# Scheduling software recommendation request



## tacotory (Jul 25, 2005)

I am looking for a scheduling software recommendation. I have done some searches and haven't really seen what I am looking for. I don't need something that integrates with the rest of my software. I use QB for my books and invoicing and excel for my estimates and those both work good for me. 

A bit of background. I am a small custom builder/ remodeler and myself and one other guy manage all of our projects. Really I manage everything on a global scale and he is my field superintendent. What I am looking for is a software program that will allow me to show all of our company projects on a master schedule, as well as be able to detail the specific tasks of a project *and* show my personal tasks/ appointments on one "sheet of paper". 

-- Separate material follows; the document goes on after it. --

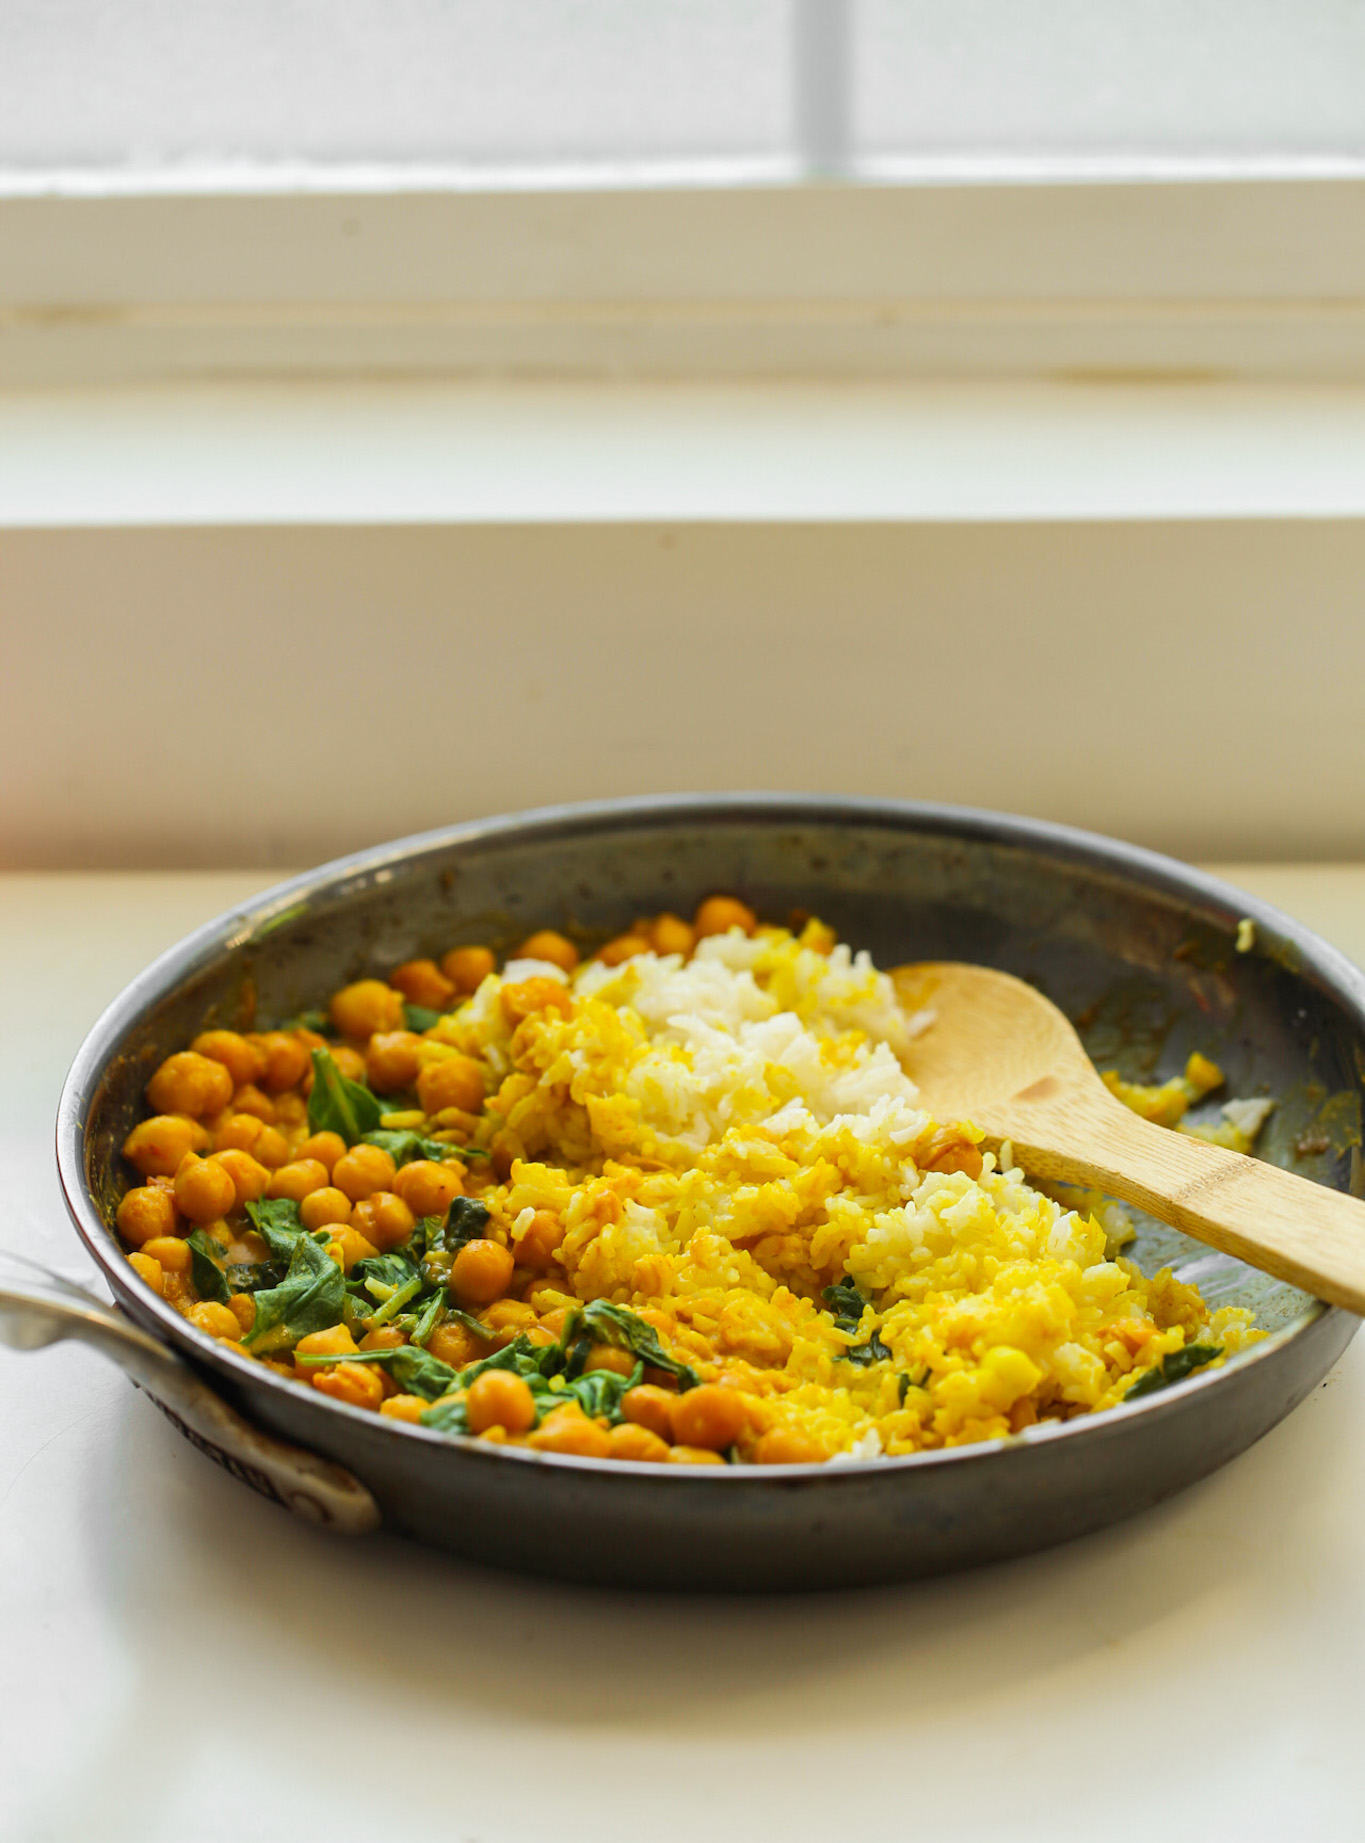 Veggie Rice Bowls skillet

I want something that is intuitive and simple, but smart enough to be able to work with the builder's work process/ cycle. I want tasks to be able to be tied to one another so that if you push one task/ trade, it pushes everything that is on the same path.

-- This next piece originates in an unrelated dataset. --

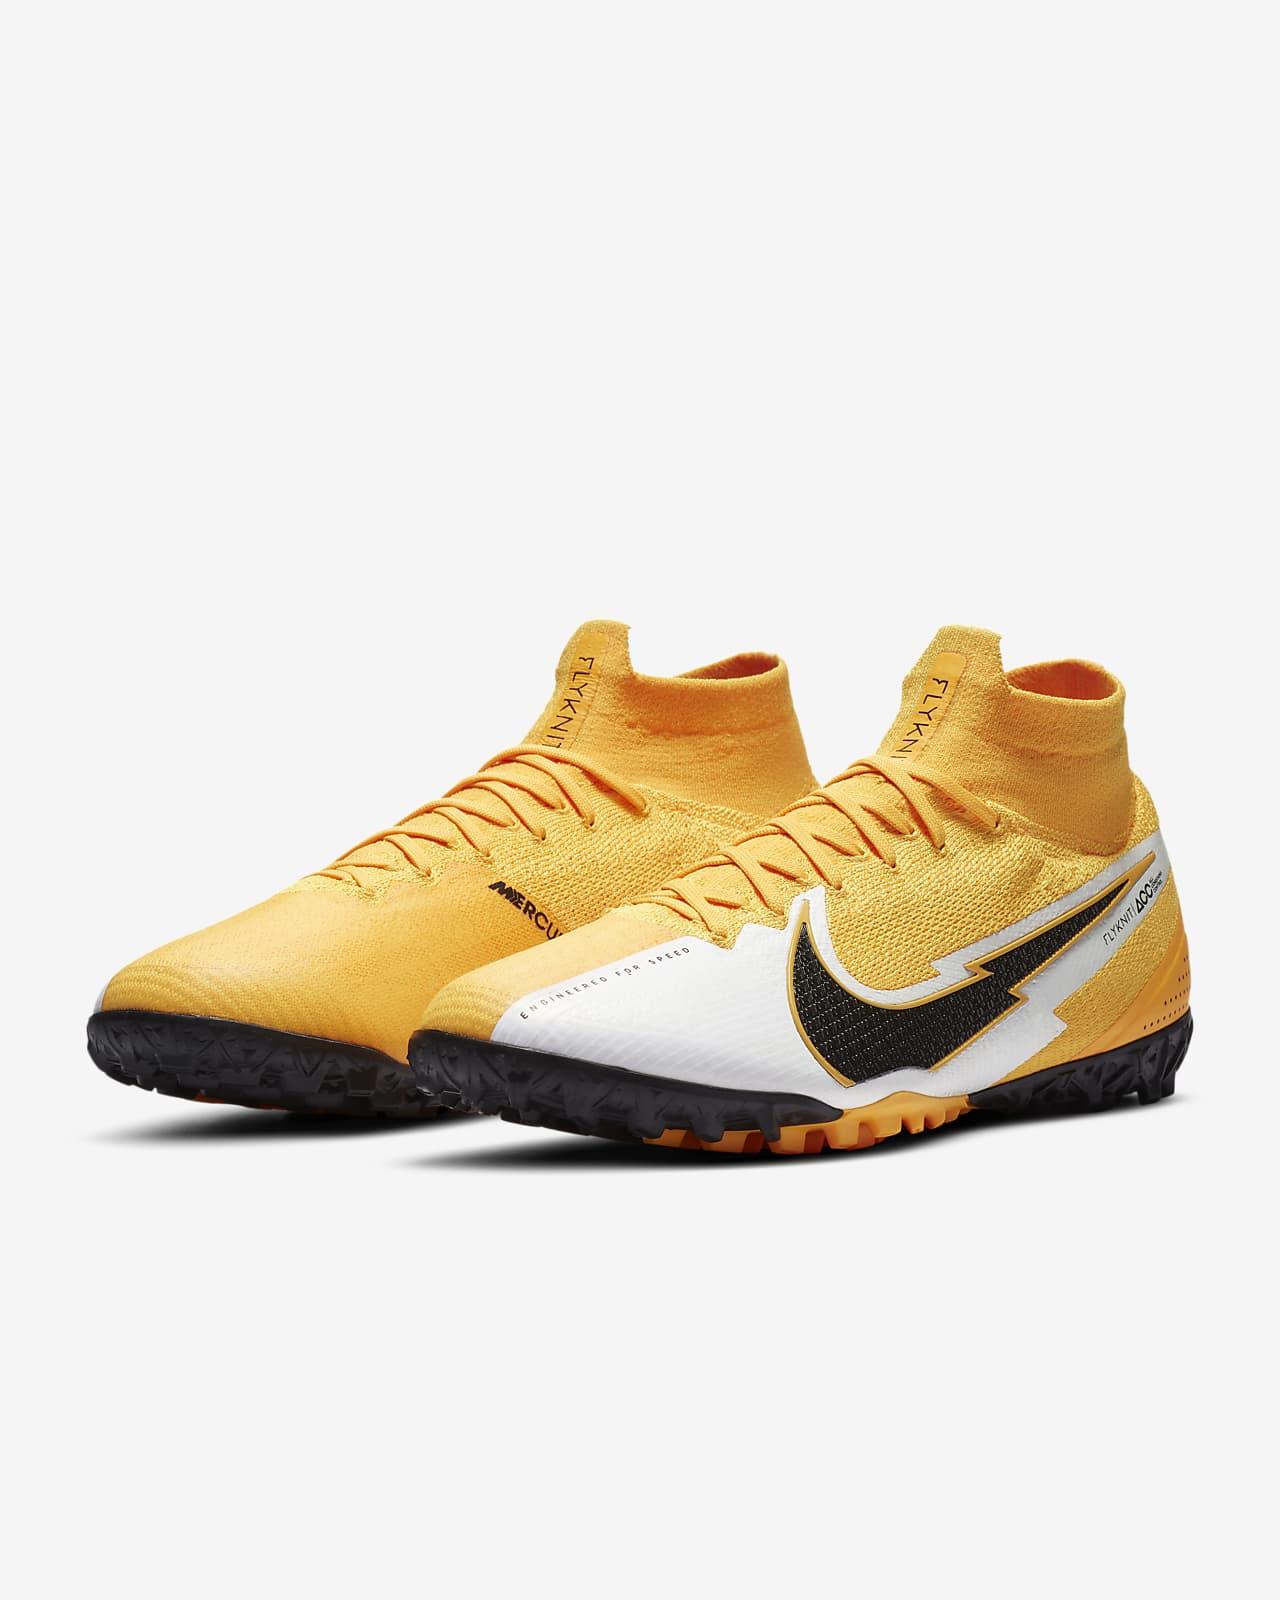 torpe Velocidad supersónica oyente  Nike Mercurial Superfly 7 Elite TF Artificial-Turf Soccer Shoe. Nike.com

Does this exist??? Any help would be greatly appreciated.


----------



## rselectric1 (Sep 20, 2009)

*Very far* from simple, but it does what you are looking for.

http://constructionsuite.com/

I use it (at least 10% of what it can do :laughing I find it extreme overkill in my situation.

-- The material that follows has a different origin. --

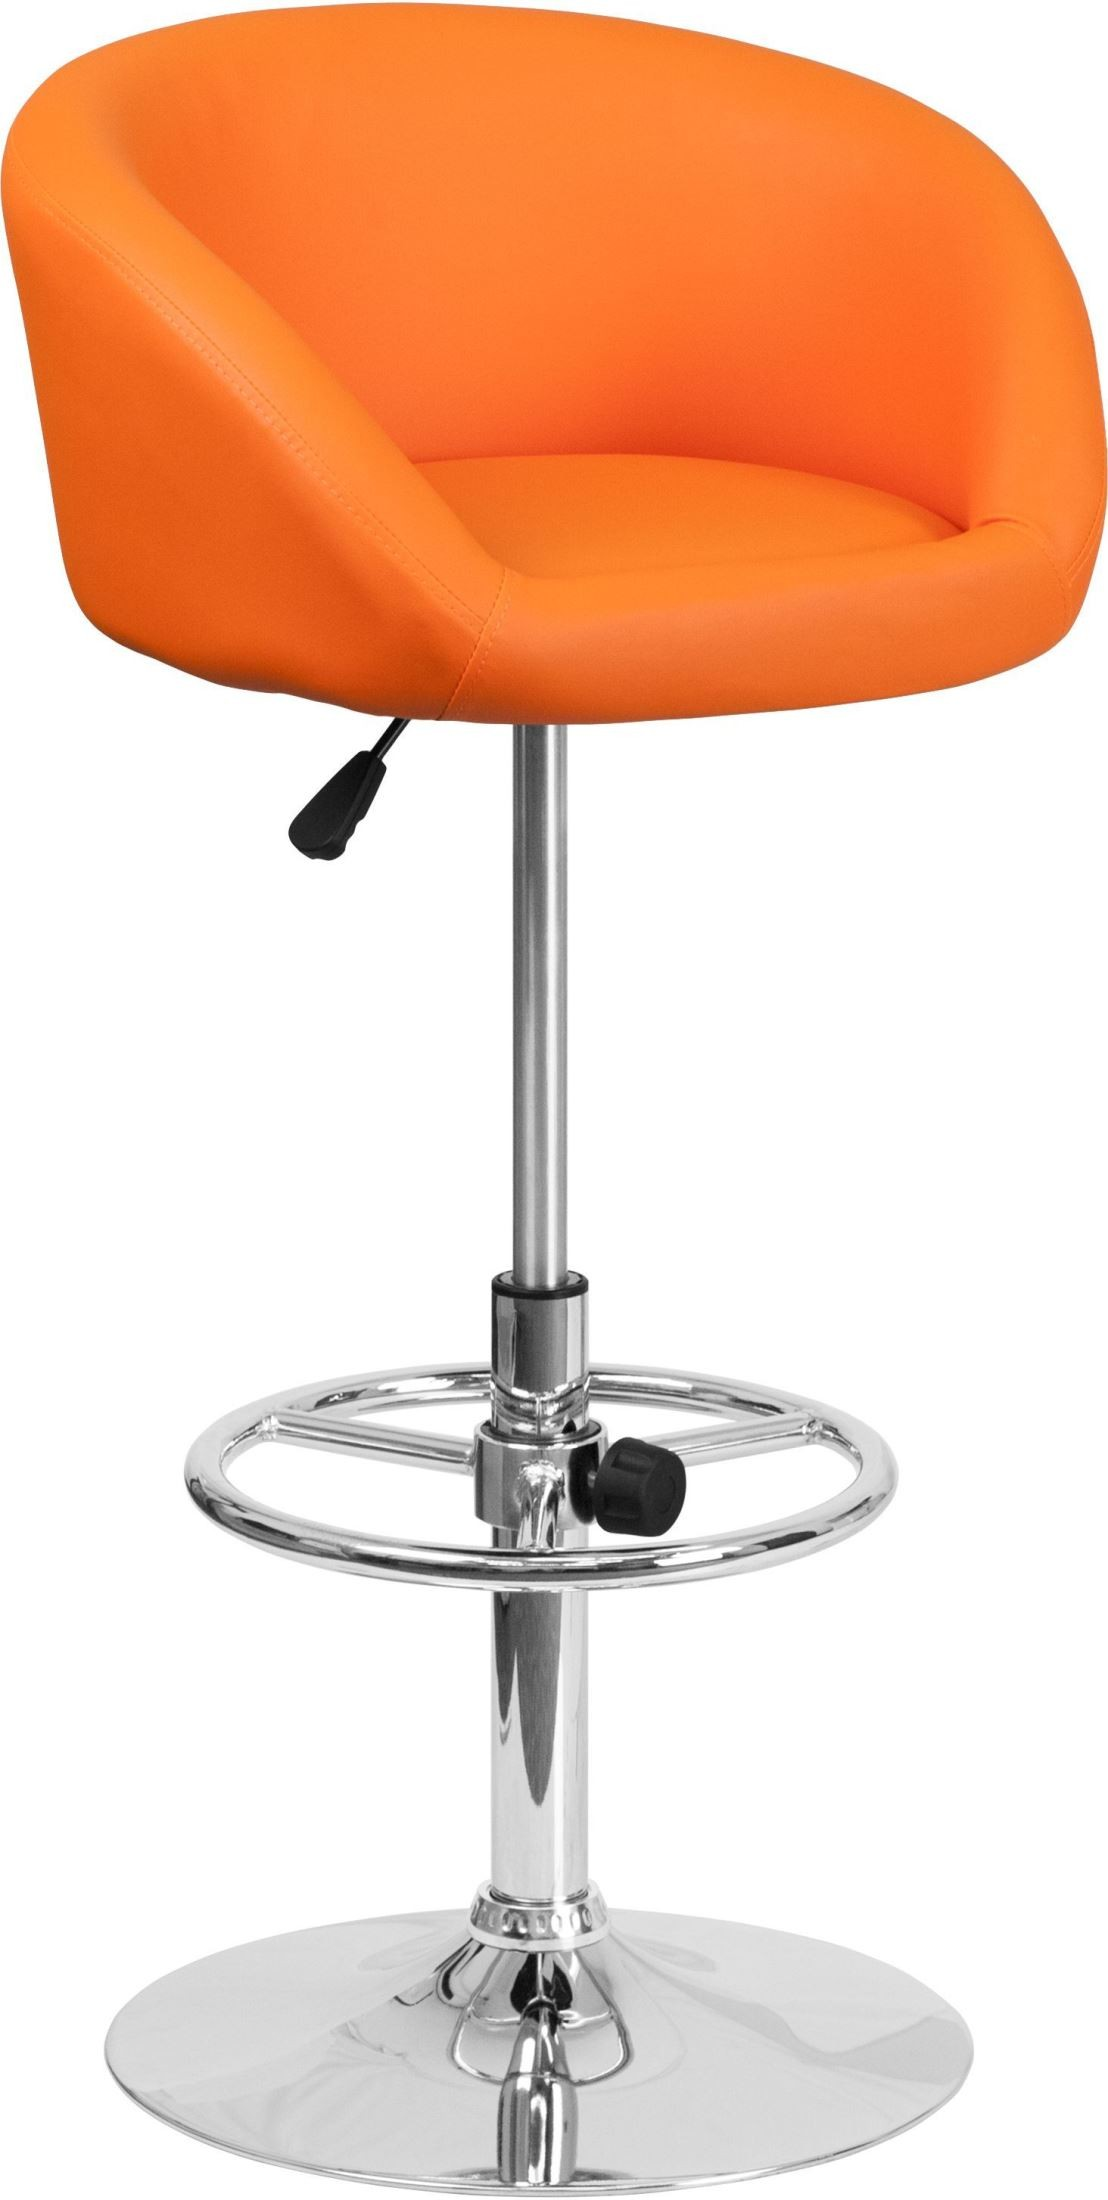 Rounded Swivel Orange Vinyl Adjustable Height Bar Stool

I'm guessing microsoft project may work for your application better.


----------



## BreyerConstruct (May 22, 2006)

look up GnattProject.
We've been trying it out. Pretty simple, but also a bit scarce on help (but it is free!).
~Matt


----------



## Ohiobuilder (Feb 16, 2007)

Written by a builder for builders. 

http://www.virtualboss.net/index.htm


----------



## tacotory (Jul 25, 2005)

BreyerConstruct said:


> look up GnattProject.
> We've been trying it out. Pretty simple, but also a bit scarce on help (but it is free!).
> ~Matt



Thanks to everyone for the input- I really appreciate it!:thumbup:

I think I am going to give the GanttProject a try for a bit. I like the looks of the ConstructionSuite software, but free is a pretty good price! :whistling

Anyone have a schedule that they have for a new home that they'd care to scare so I am not starting from scratch?? 

Thanks again to everyone!


----------



## festerized (May 19, 2007)

UDA is a great all in program


----------



## blogsiter (Nov 8, 2010)

tacotory said:


> I am looking for a scheduling software recommendation. I have done some searches and haven't really seen what I am looking for. I don't need something that integrates with the rest of my software. I use QB for my books and invoicing and excel for my estimates and those both work good for me.
> 
> A bit of background. I am a small custom builder/ remodeler and myself and one other guy manage all of our projects. Really I manage everything on a global scale and he is my field superintendent. What I am looking for is a software program that will allow me to show all of our company projects on a master schedule, as well as be able to detail the specific tasks of a project *and* show my personal tasks/ appointments on one "sheet of paper".
> 
> ...


HI tacotory Try these Software :

► GranttProject [Free]
► Joho [Online Project Management]
► MindJet 

Joho and Mindjet Easy-to-use. Enjoy Dude!


----------



## Carmello (Nov 19, 2010)

I am starting to use google calendars. You can can multiple people accessing each calendar with different levels of accessibility. Also I you have an iPhone, you can update tasks on the computer in the office, and your super should be able to see tasks updated on his iPhone. And vice versa.


----------



## Aladdin Builders (Sep 2, 2007)

Virtual Boss does it all!


----------



## Magic Hammer (Dec 11, 2007)

Please give links to what you recommend.
Thanks


----------



## Aladdin Builders (Sep 2, 2007)

*Virtual Boss*



Magic Hammer said:


> Please give links to what you recommend.
> Thanks


http://www.virtualboss.net/screenshots/tasklistscreen.htm


----------



## Magic Hammer (Dec 11, 2007)

I use Tom's Planner, simple and cheap and it's online ($10 per month).
www.tomsplanner.com/


----------



## Kent Whitten (Mar 24, 2006)

Magic Hammer said:


> Please give links to what you recommend.
> Thanks





Ohiobuilder said:


> Written by a builder for builders.
> 
> http://www.virtualboss.net/index.htm


It was already listed. No need to be redundant.


----------